Мне было хорошо, а ведь мне после развода чертовски редко бывало хорошо. Было радостно и спокойно. Кусты, решил я, подождут до утра – и деревья, и трава, и небо тоже. Хорошо было, для разнообразия, оставить вечер тянуться за окном, как резину, и ни о чем не беспокоиться. Я был пьян. Напился в три часа дня. И плевать.
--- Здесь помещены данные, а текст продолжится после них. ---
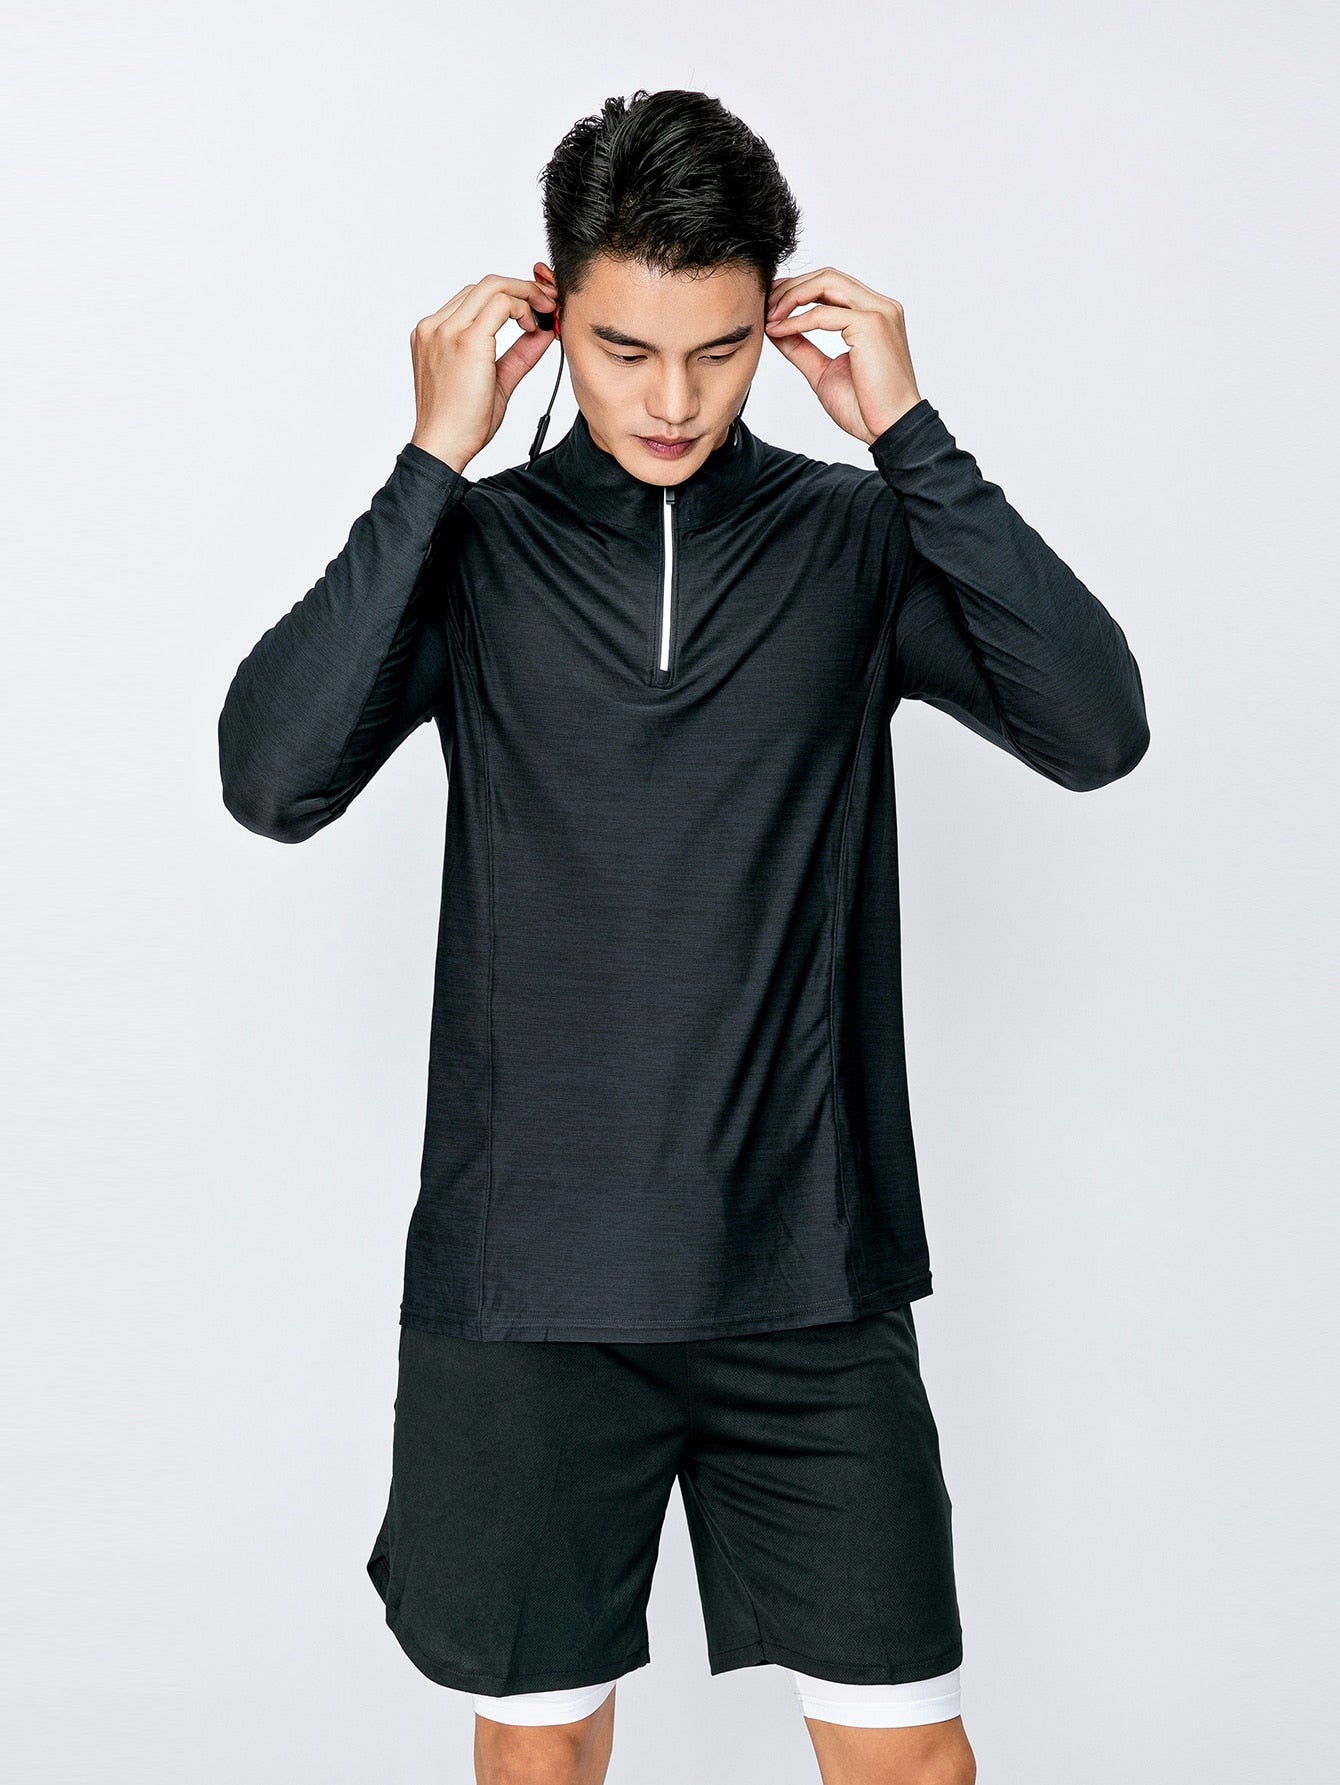 Men Quarter Zipper Yoga  Sweatshirt - Yoga Top for Men Yoga and Meditation Products - Personal Hour

Мы как раз смеялись, вспоминая мистера Клеменса, учителя английского, который за два года ни разу не сменил костюма и галстука, зато слово «позма» выговаривал как «пойма», и тут я поставил свой стакан и задал Катлине вопрос, который мне хотелось задать уже шесть месяцев, с тех пор как я в первый раз кинул свое объявление ей в почтовый ящик.
– Слушай, Катлин, – спросил я, еще на волне отзвуков веселого смеха, – ты только не обижайся, но что значит у вас черное и белое – это что, политическая акция? Стиль? Или что-то религиозное?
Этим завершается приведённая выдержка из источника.